What should come back is the data below, word for word, minus any picture.

● **THE DATA**:

[Start of section]

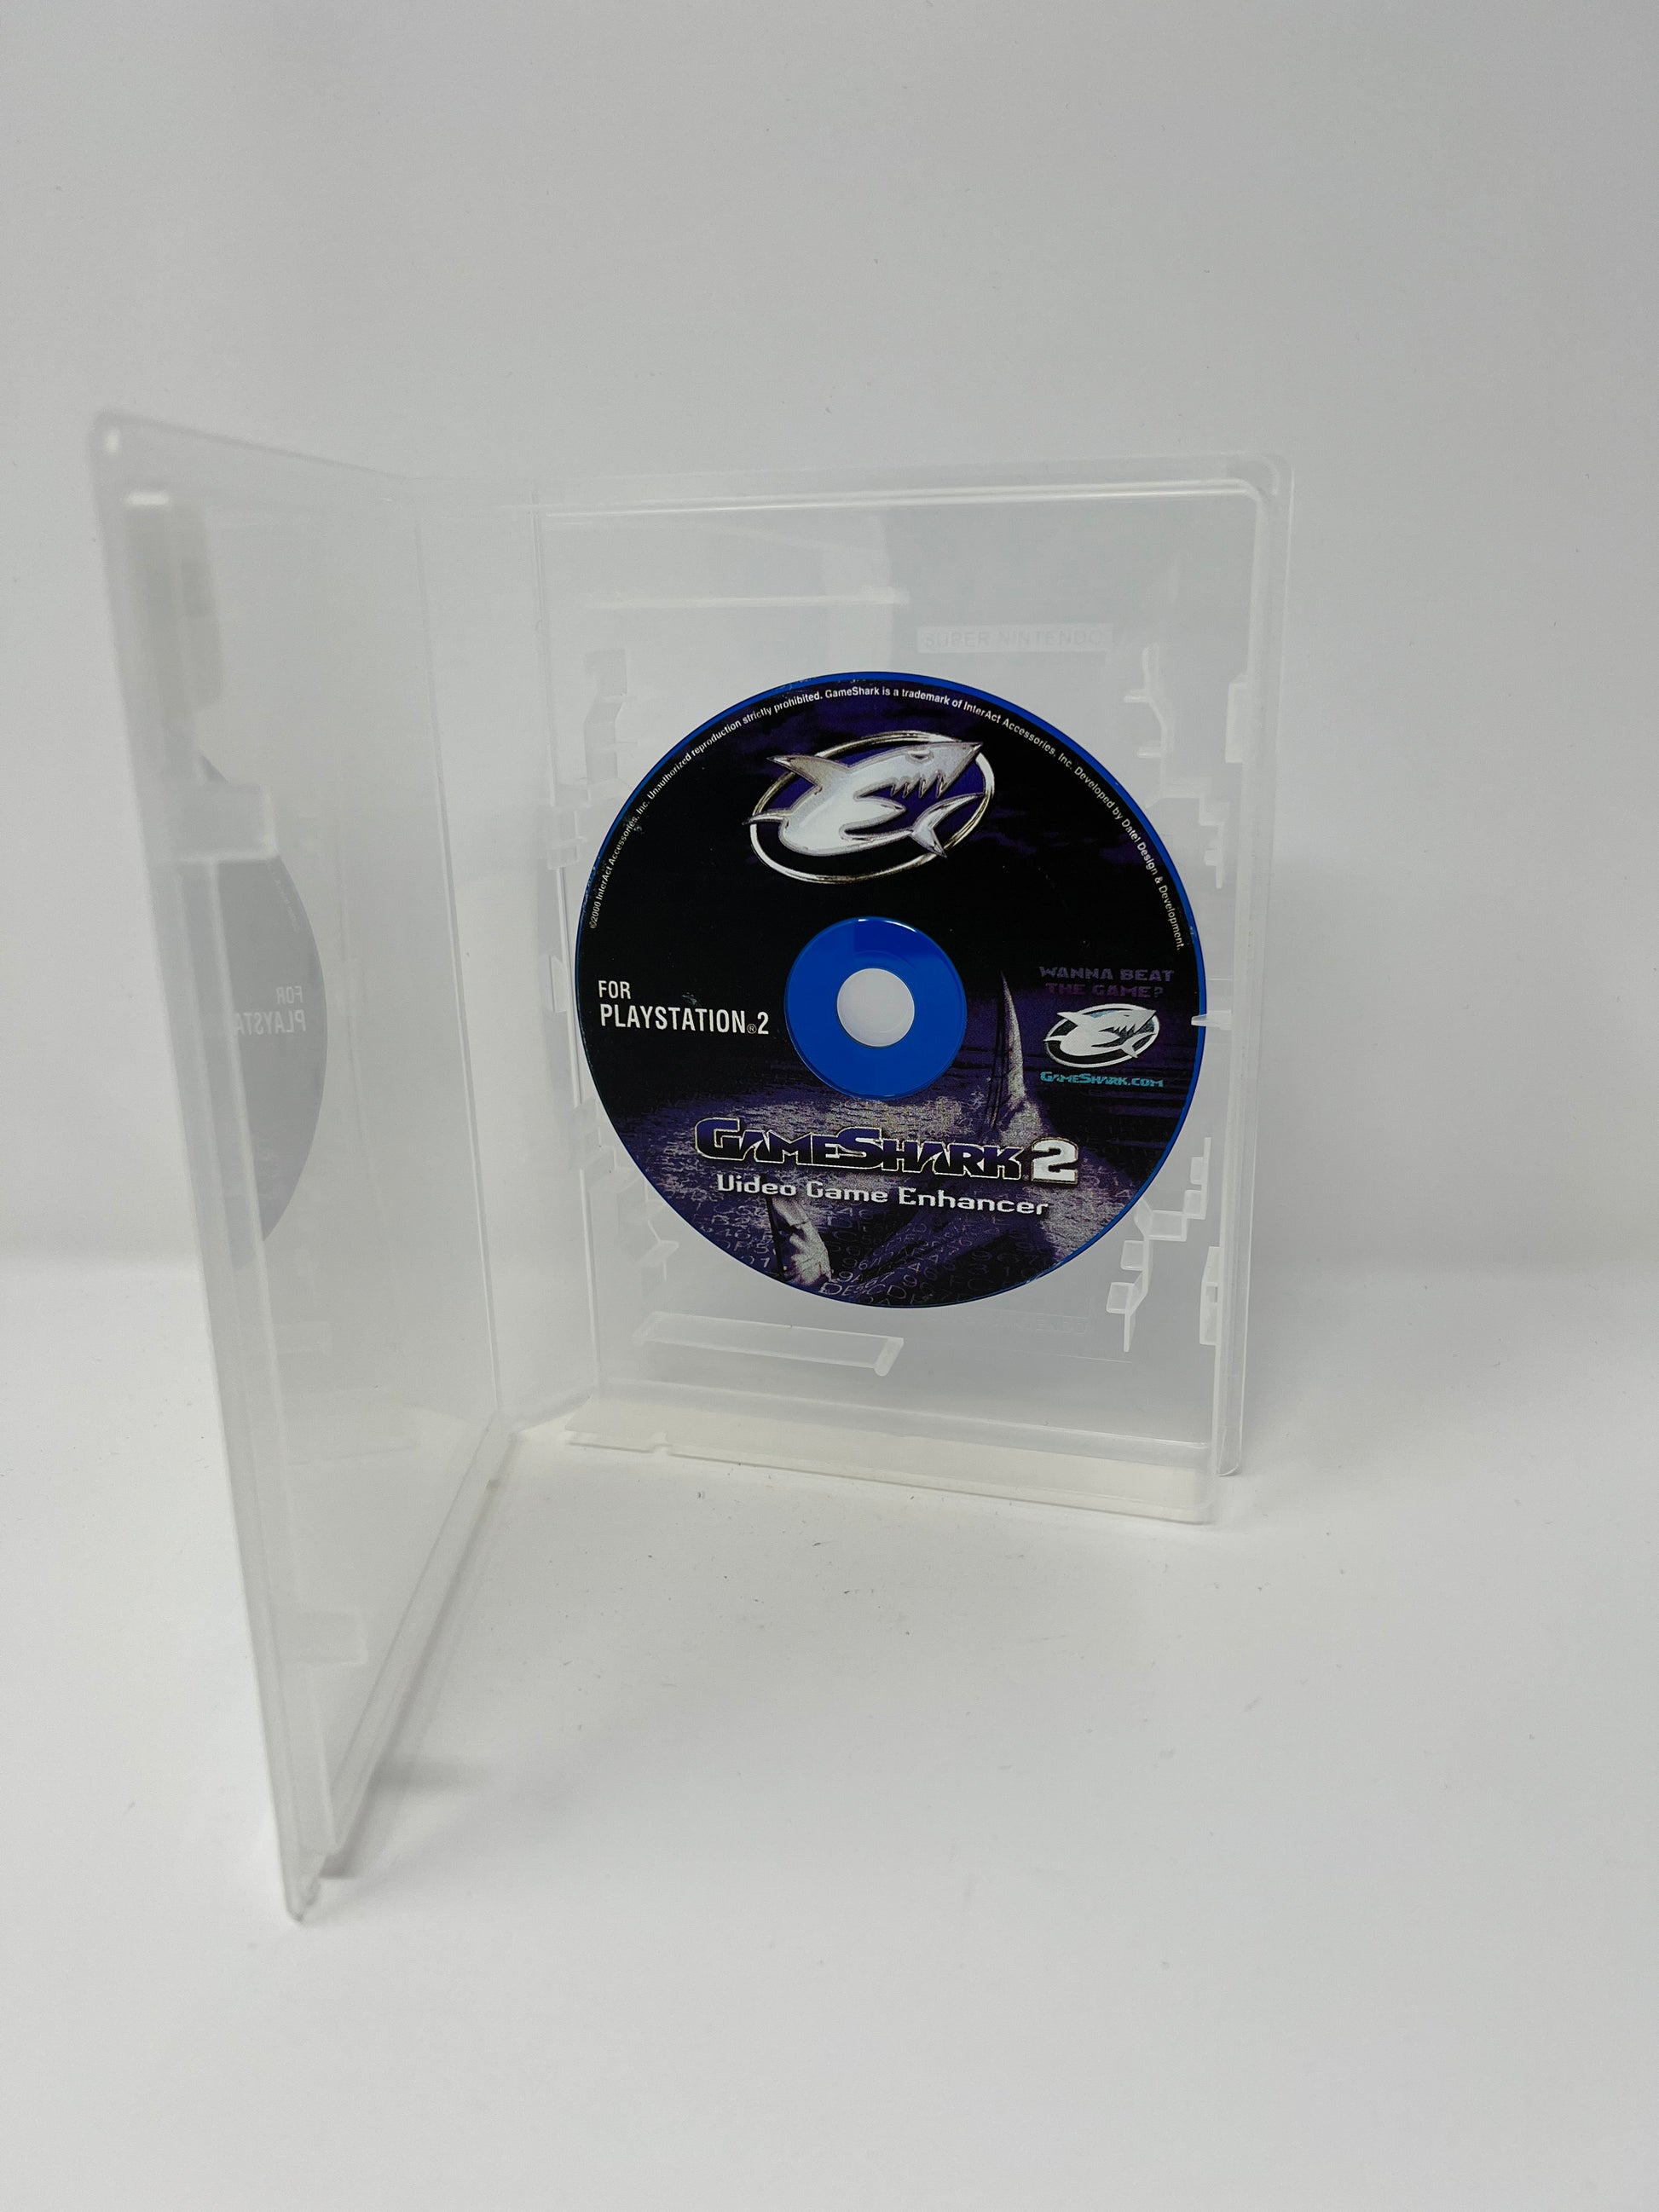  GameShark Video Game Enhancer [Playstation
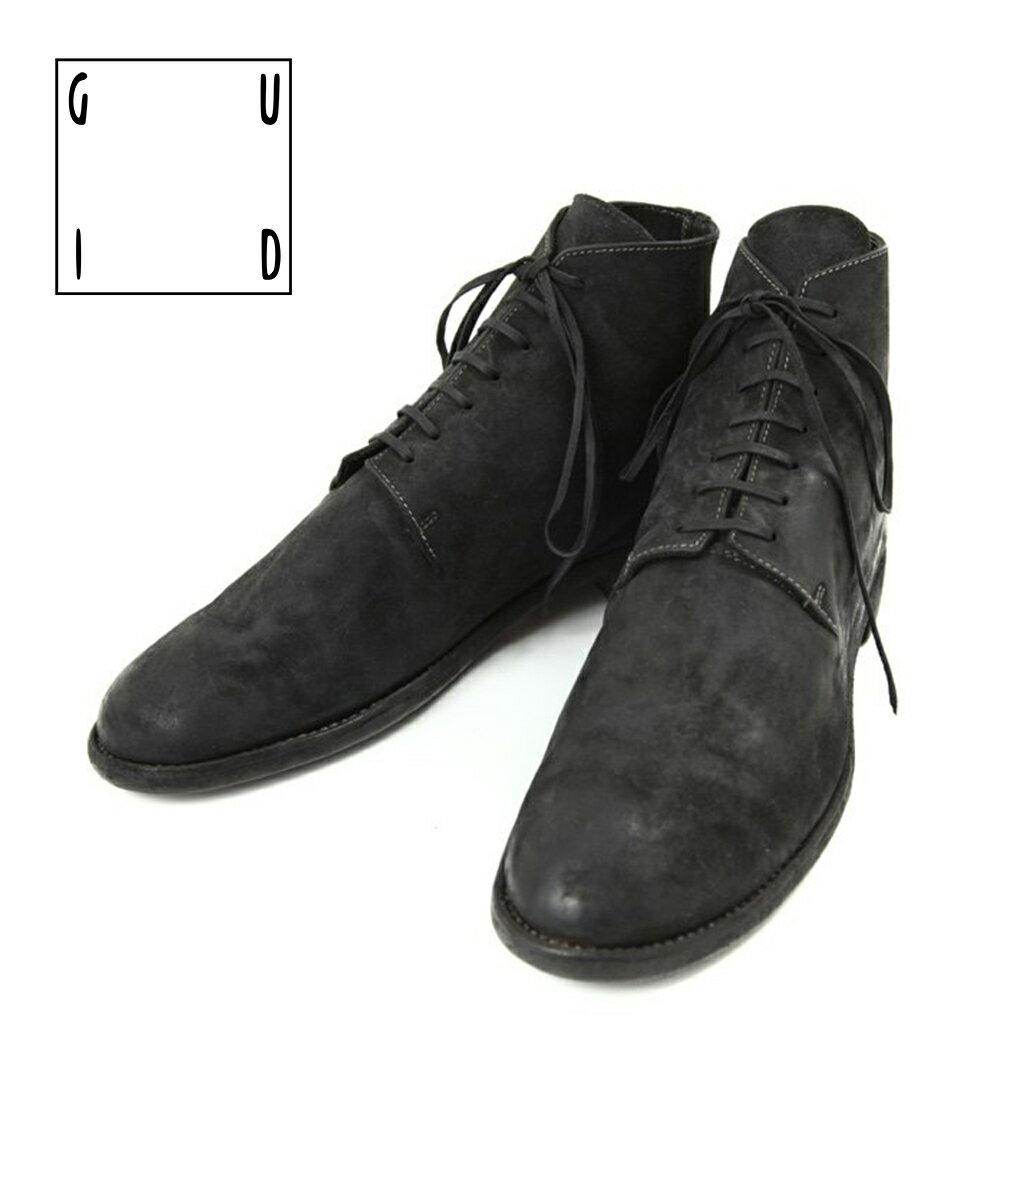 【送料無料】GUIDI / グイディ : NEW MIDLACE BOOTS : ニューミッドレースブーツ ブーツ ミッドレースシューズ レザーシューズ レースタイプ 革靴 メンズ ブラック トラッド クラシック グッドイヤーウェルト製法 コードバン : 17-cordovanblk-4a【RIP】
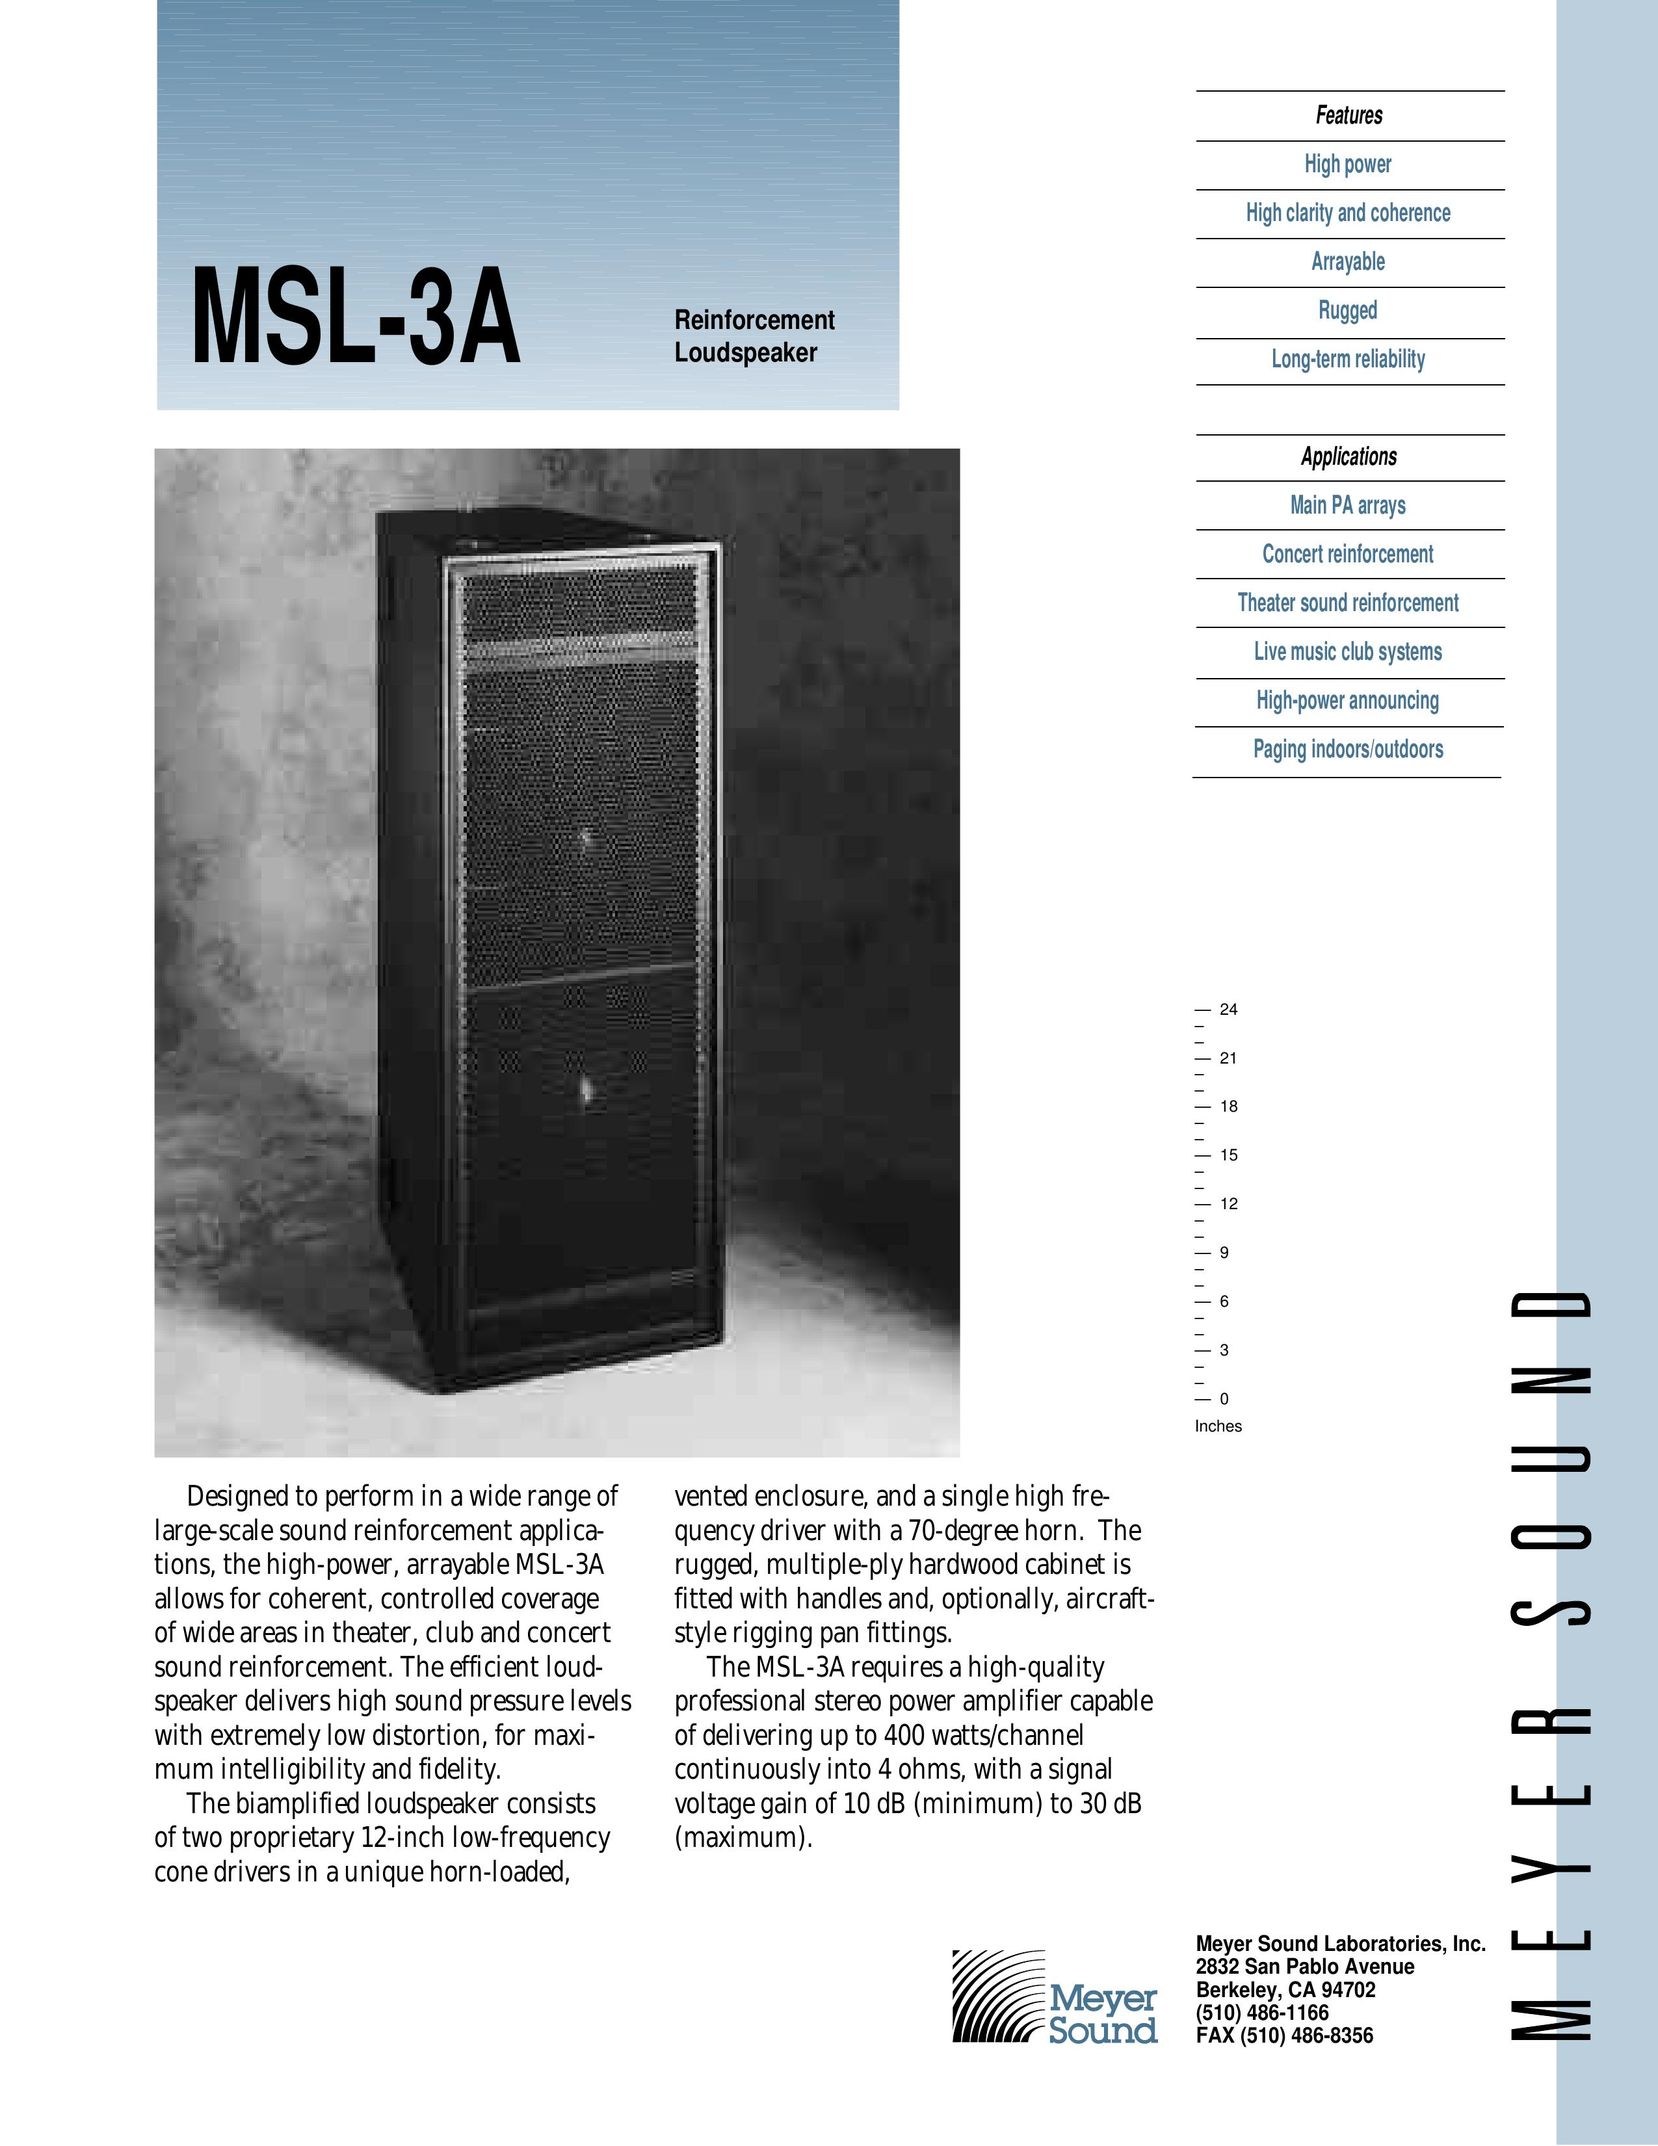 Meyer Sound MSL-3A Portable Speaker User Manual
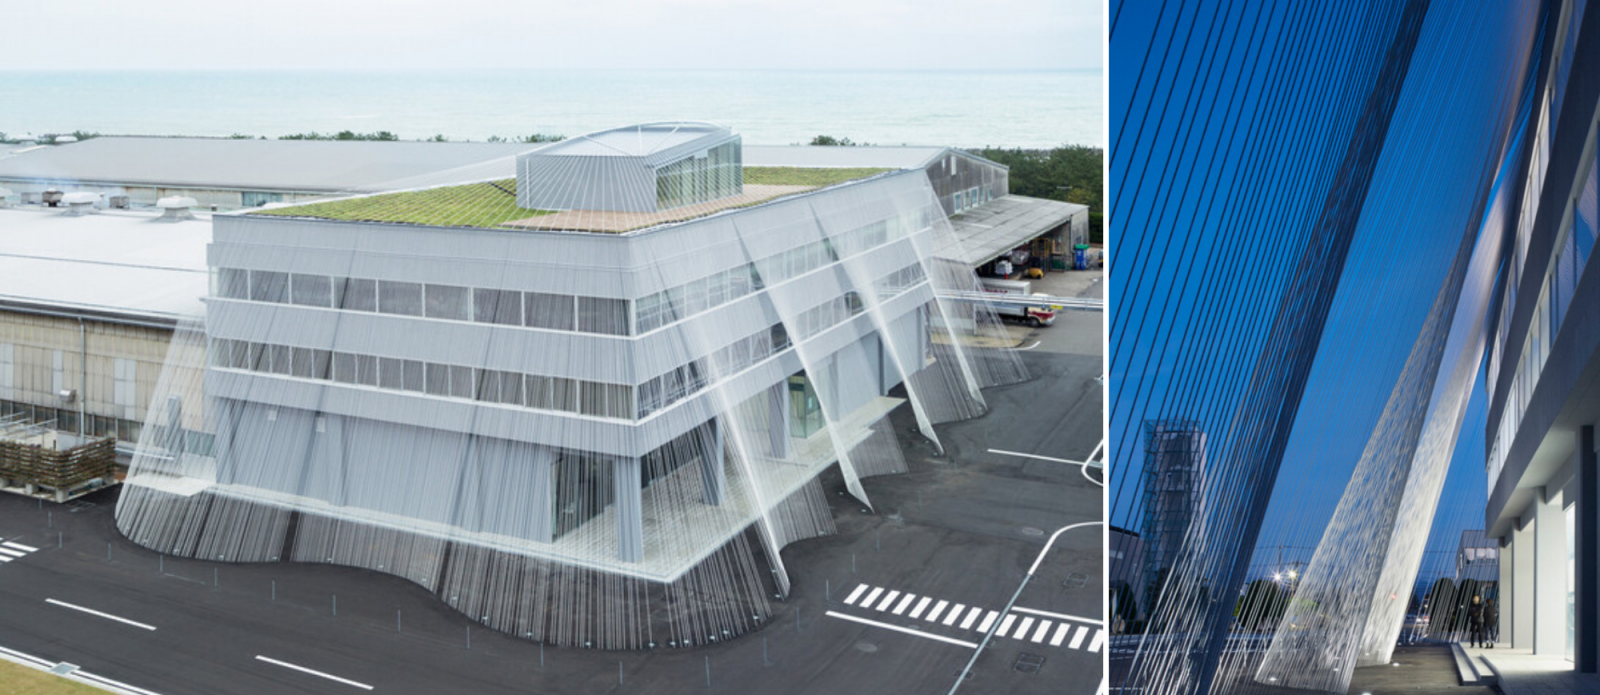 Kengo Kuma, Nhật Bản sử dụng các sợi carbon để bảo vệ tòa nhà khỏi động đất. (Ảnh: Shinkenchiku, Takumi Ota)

[End of section]

● **TASK RESULT**:
  GameShark Video Game Enhancer [Playstation
 【送料無料】GUIDI / グイディ : NEW MIDLACE BOOTS : ニューミッドレースブーツ ブーツ ミッドレースシューズ レザーシューズ レースタイプ 革靴 メンズ ブラック トラッド クラシック グッドイヤーウェルト製法 コードバン : 17-cordovanblk-4a【RIP】
 Meyer Sound MSL-3A Portable Speaker User Manual
 Kengo Kuma, Nhật Bản sử dụng các sợi carbon để bảo vệ tòa nhà khỏi động đất. (Ảnh: Shinkenchiku, Takumi Ota)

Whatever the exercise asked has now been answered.